Wimbledon? U.S. Open? French Open? TCU All-American has sights set on grand stages

Courtesy of TCU Athletics

Alex Rybakov has competed at Wimbledon, the U.S. Open and the French Open. As a junior.

Now, he is trying to get back to those prestigious stages as a professional. The former TCU standout is in the early stages of his pro career, trying to climb his way up the ladder of a sport that has an exclusive group that make a living by playing it.

Just think that three, maybe four, NFL rosters is the grand total of male tennis professionals making a living playing tennis.

“If you’re in the Top 200 in the world, let’s say 180th, you’re a helluva tennis player,” said Rybakov, the 22-year-old lefty known for his big serve and big forehand.

“But you’re not making too much money. You’ve got to be really up there to make a good amount.

“The road to the top is not as extremely glamorous as everyone thinks. You’ve got to work your way up. Even if you’ve had a great college career, you don’t have a ranking, so you’re playing smaller tournaments in front of not many fans for not too much money. Going through those roads is definitely one of the toughest things.”

But that’s something Rybakov is prepared for.

Rybakov was in the field for the 2019 Nielsen Men’s Pro Tennis Championship in Winnetka, Illinois this week, losing a first-round match to Australian Max Purcell on Tuesday morning.

Last week, Rybakov played in a tournament in Orlando, Florida with a chance to earn a spot in a U.S. Open qualifier, but lost in the finals.

Still, those who know Rybakov best are confident in his abilities and drive to reach the highest level, starting with TCU assistant coach Devin Bowen.

“What sets Alex apart from most players is his discipline,” said Bowen, who spent 12 years as a professional in the ATP following a standout college career at TCU.

“Alex is a great athlete but there are so many amazing tennis players on tour, it is his work ethic and attitude that will give him a huge edge in his career.”

Just look at what Rybakov accomplished in his stellar career at TCU.

Last season, Rybakov earned, among others, ITA Singles All-American honors; Big 12 co-player of the year honors; All-Big 12 singles first-team; All-Big 12 doubles second team; and ITA Texas Region senior player of the year.

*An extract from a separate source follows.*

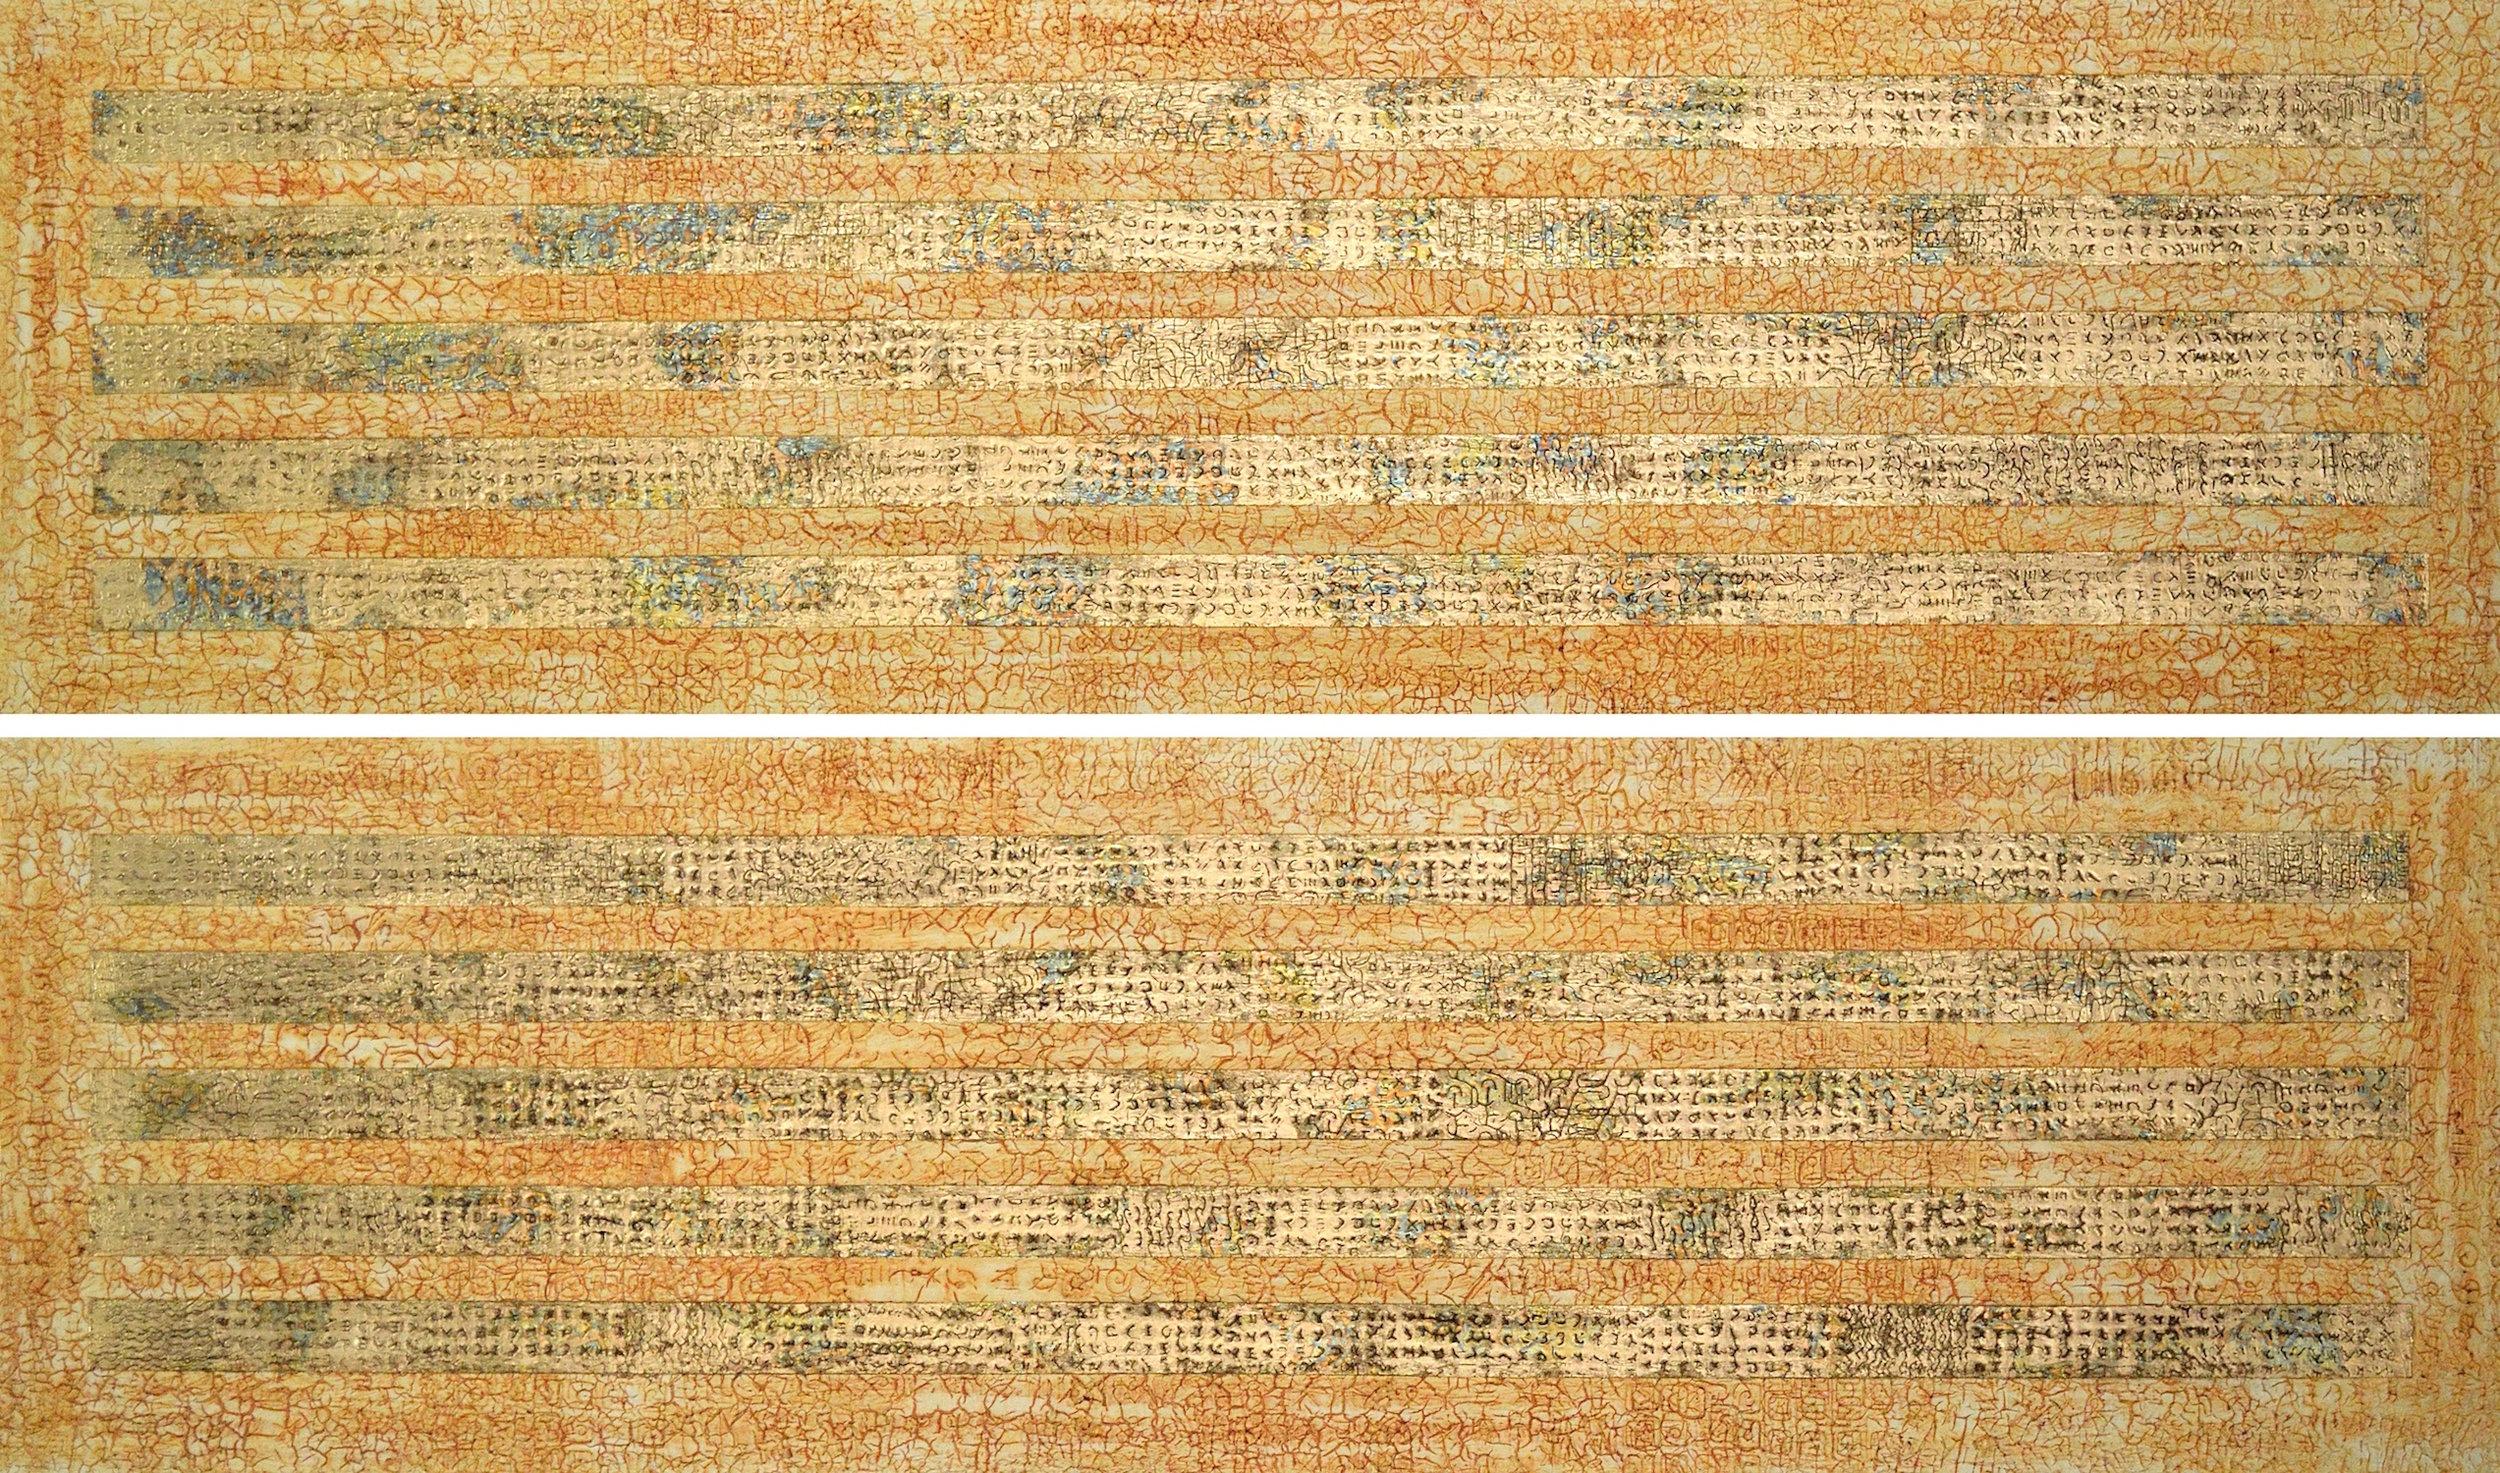 """Zaf'farān Prayer Scroll 1 & 2 (Persian - orange yellow wild flower)@ 21"""" W x 70"""" H x 1.5"""" D Acrylic, oil & gold leaf on wood"""

But the challenging roads ahead are a welcomed sight for Rybakov and his dream of reaching the highest level. He’s seen it pay off for other TCU players such as Cameron Norrie, who won a first-round singles match at Wimbledon this year.

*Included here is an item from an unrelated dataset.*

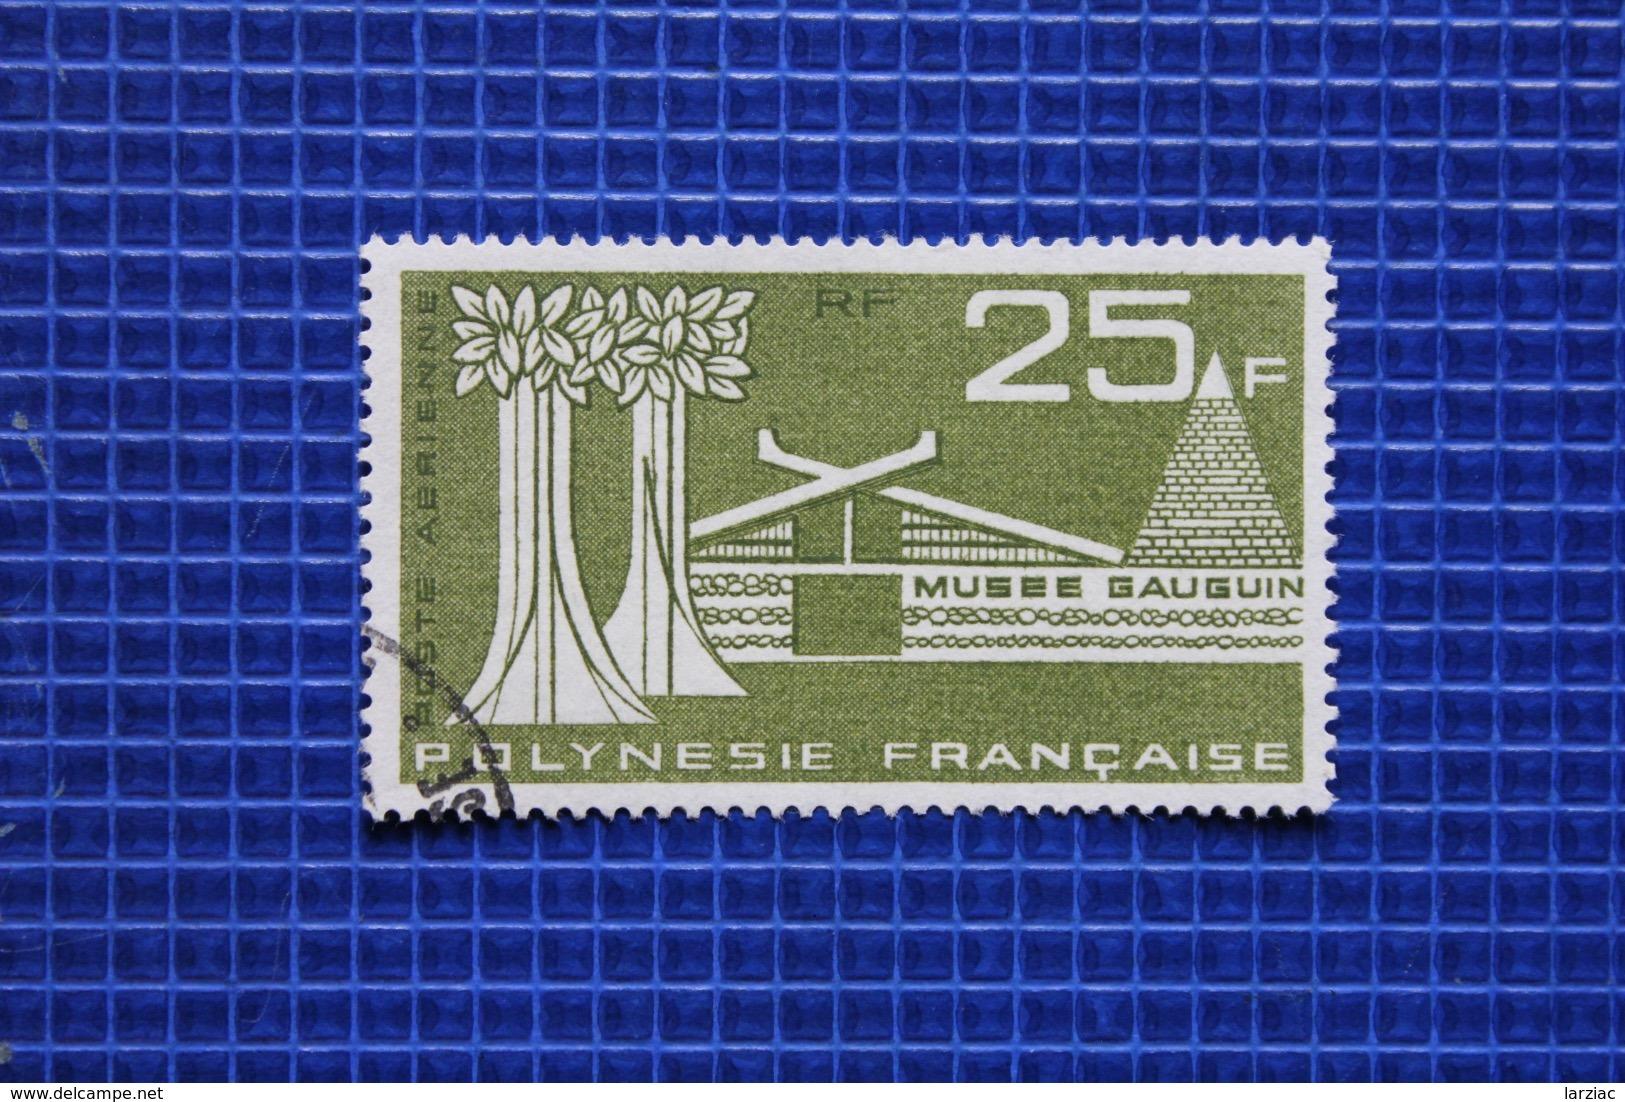 Timbre Polynésie Française Poste Aérienne N°11 - Oblitérés

As Bowen put it, “Cameron Norrie’s success is important because it shows Alex exactly what it takes to be top 50 in the world. They have practiced together so many times and he has watched Cameron improve and become the player he is today.

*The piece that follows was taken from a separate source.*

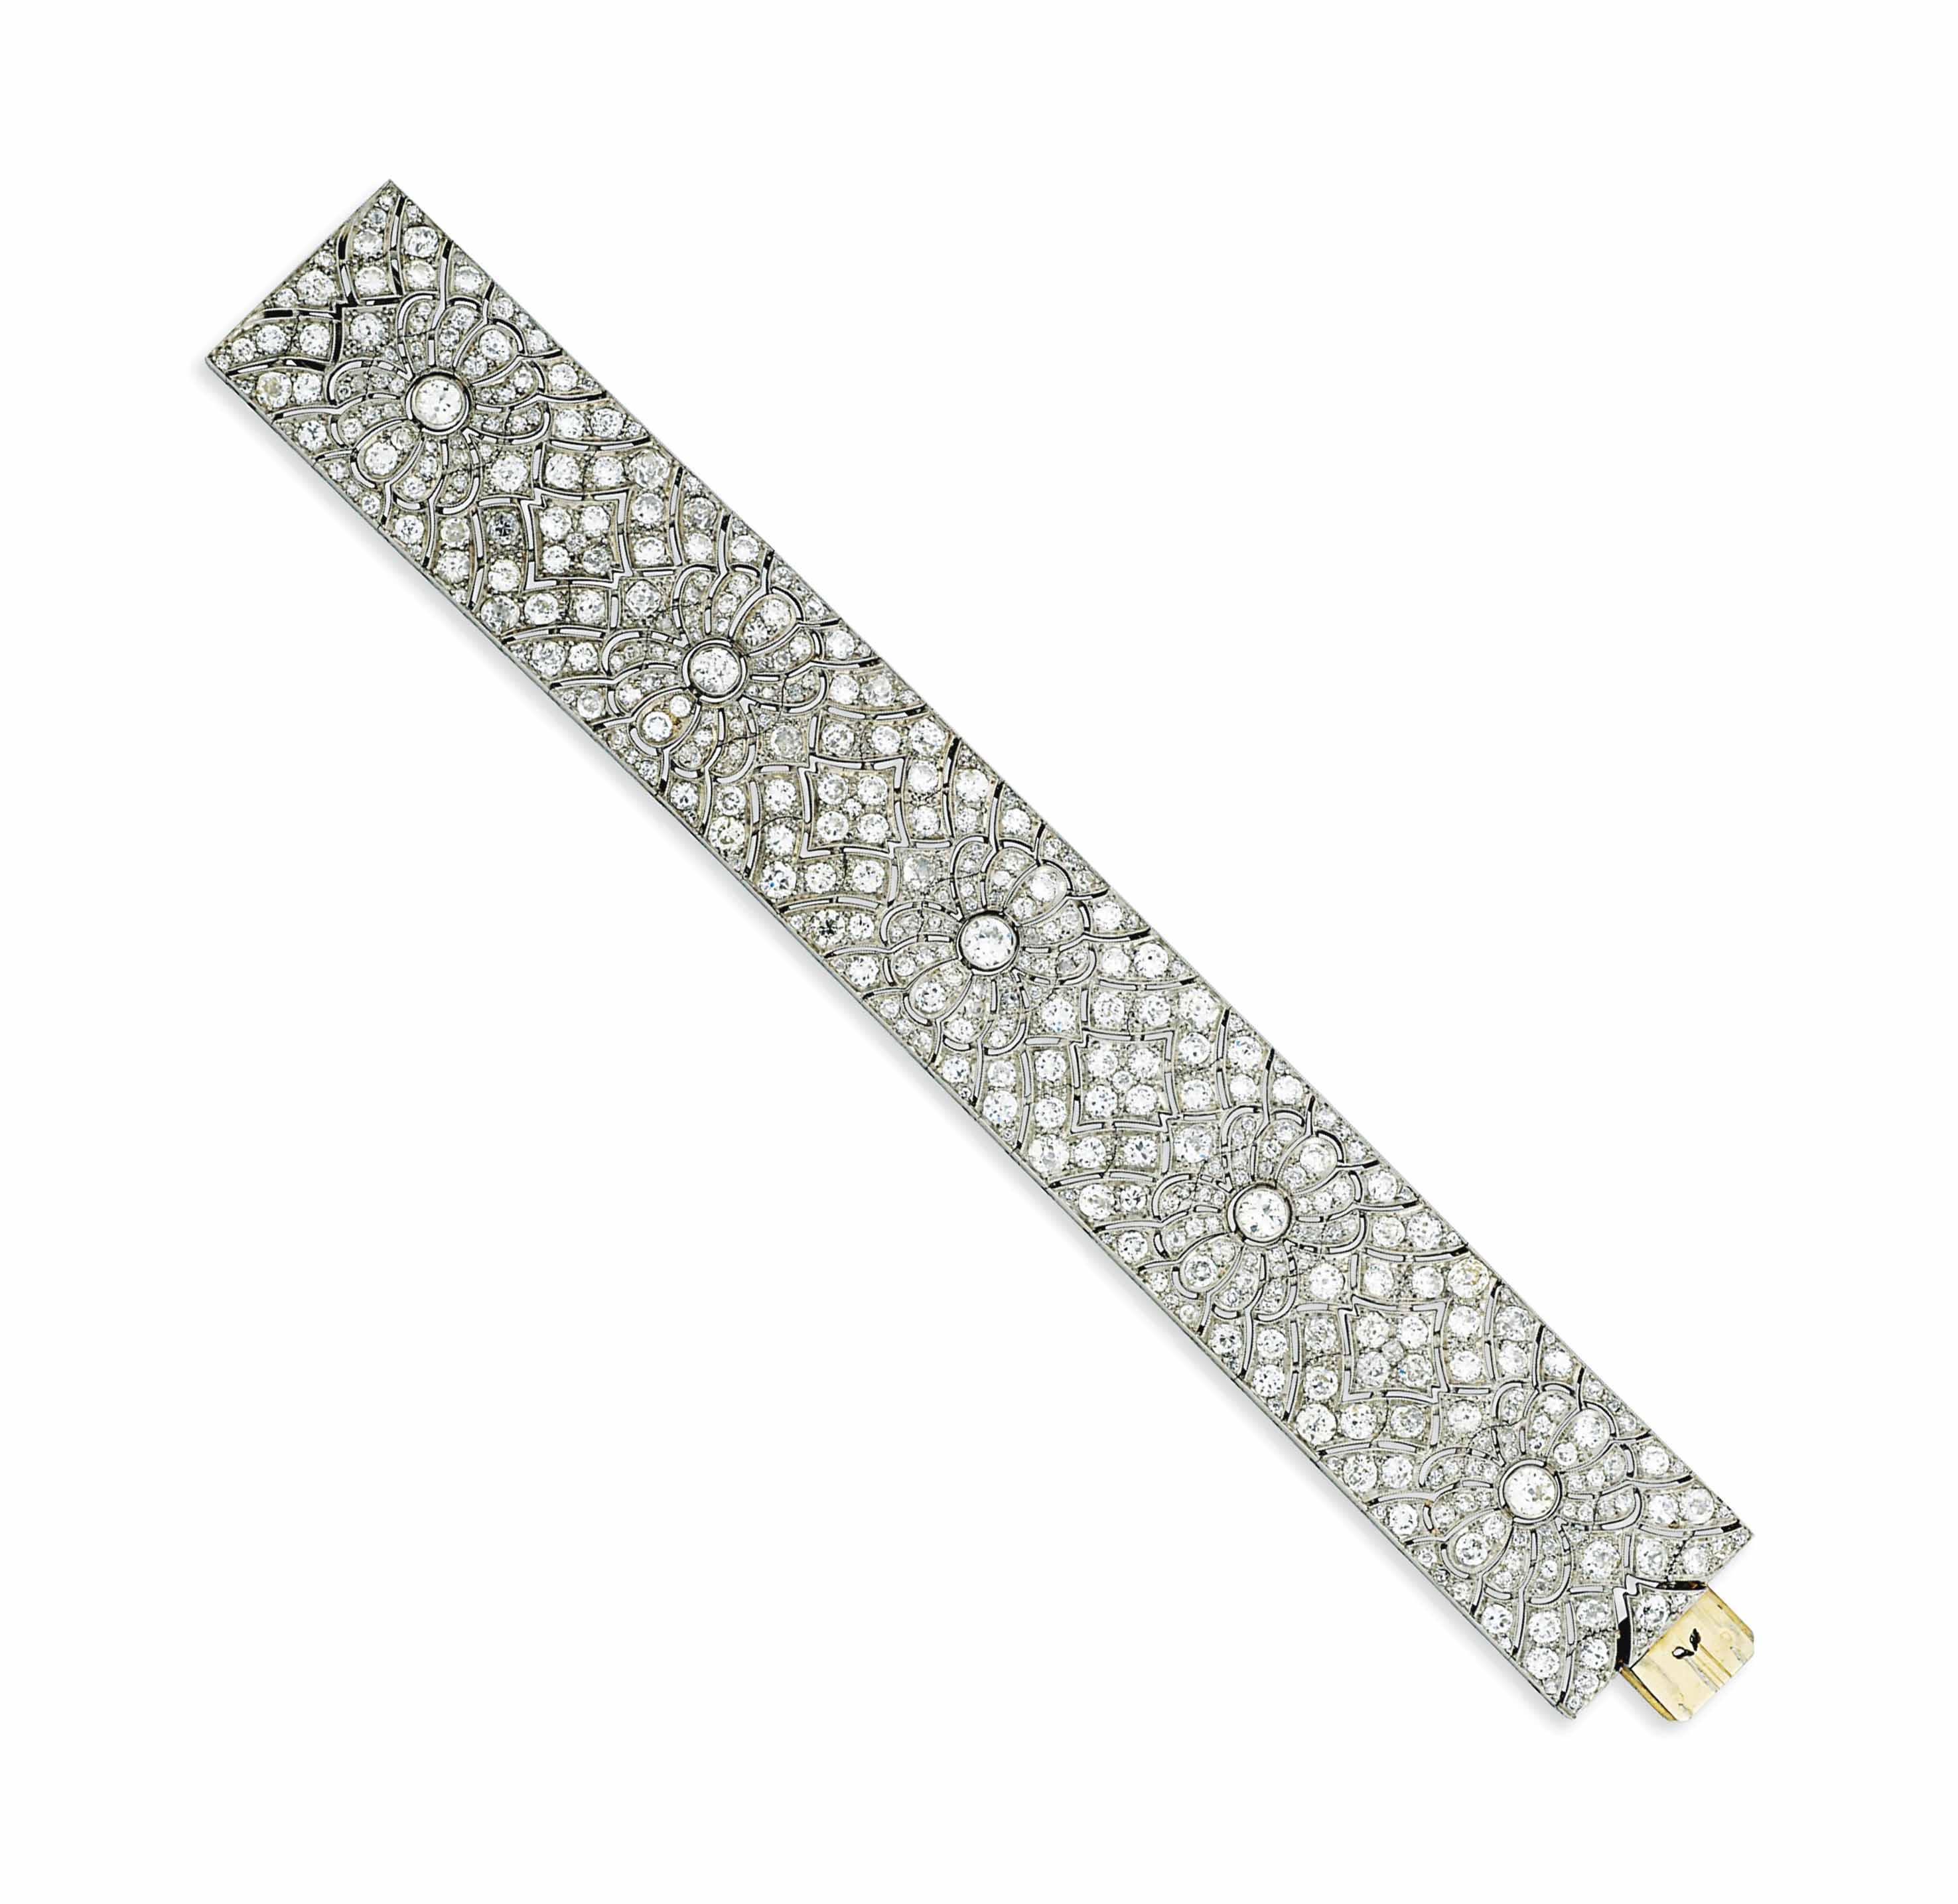 A BROAD DIAMOND BRACELET

“Alex has followed Cameron’s career closely from the beginning and learned a lot from him. Now it is time for him to start his own career and use what he has learned from his former teammate to make the transition.”

It’s underway with a jampacked summer schedule, something that Rybakov is accustomed to. He played in a number of summer events during his TCU career, but his earnings were capped to supplement only travel expenses.

Now, Rybakov is able to earn full money. But it’s a full-time job, too, which means Rybakov is spending more time training, monitoring his diet, studying opponents and watching film.

“With this being my job so to speak, every little thing counts,” said Rybakov, who is five classes shy of earning his degree from TCU.

“Everything I’m doing now is to maximize myself to become a better player. I have more time to focus on the stuff that I need to do.”

Rybakov, who came to TCU as a top-rated recruit out of South Florida in 2015, plans to make Fort Worth his home base. Bowen still serves as his primary coach, and DFW is an easy city to travel out of.

Rybakov is confident everything will work out eventually. He knows he’s got the talent and game to make it at the highest level. Playing the best college competition the past four years at TCU only helped solidify his belief.

He was teammates with current pros such as Norrie at TCU, and grew up going against others such as Reilly Opelka and Tommy Paul.

“A lot of my friends turned pro coming out of high school, but going to TCU ended up being the best decision I’ve made,” Rybakov said. “It’s been an unbelievable experience. It’s been more than I could’ve asked for. I got so much better with my four years there.

“Now I feel like I’m playing my best tennis right now. I’m ready to go.”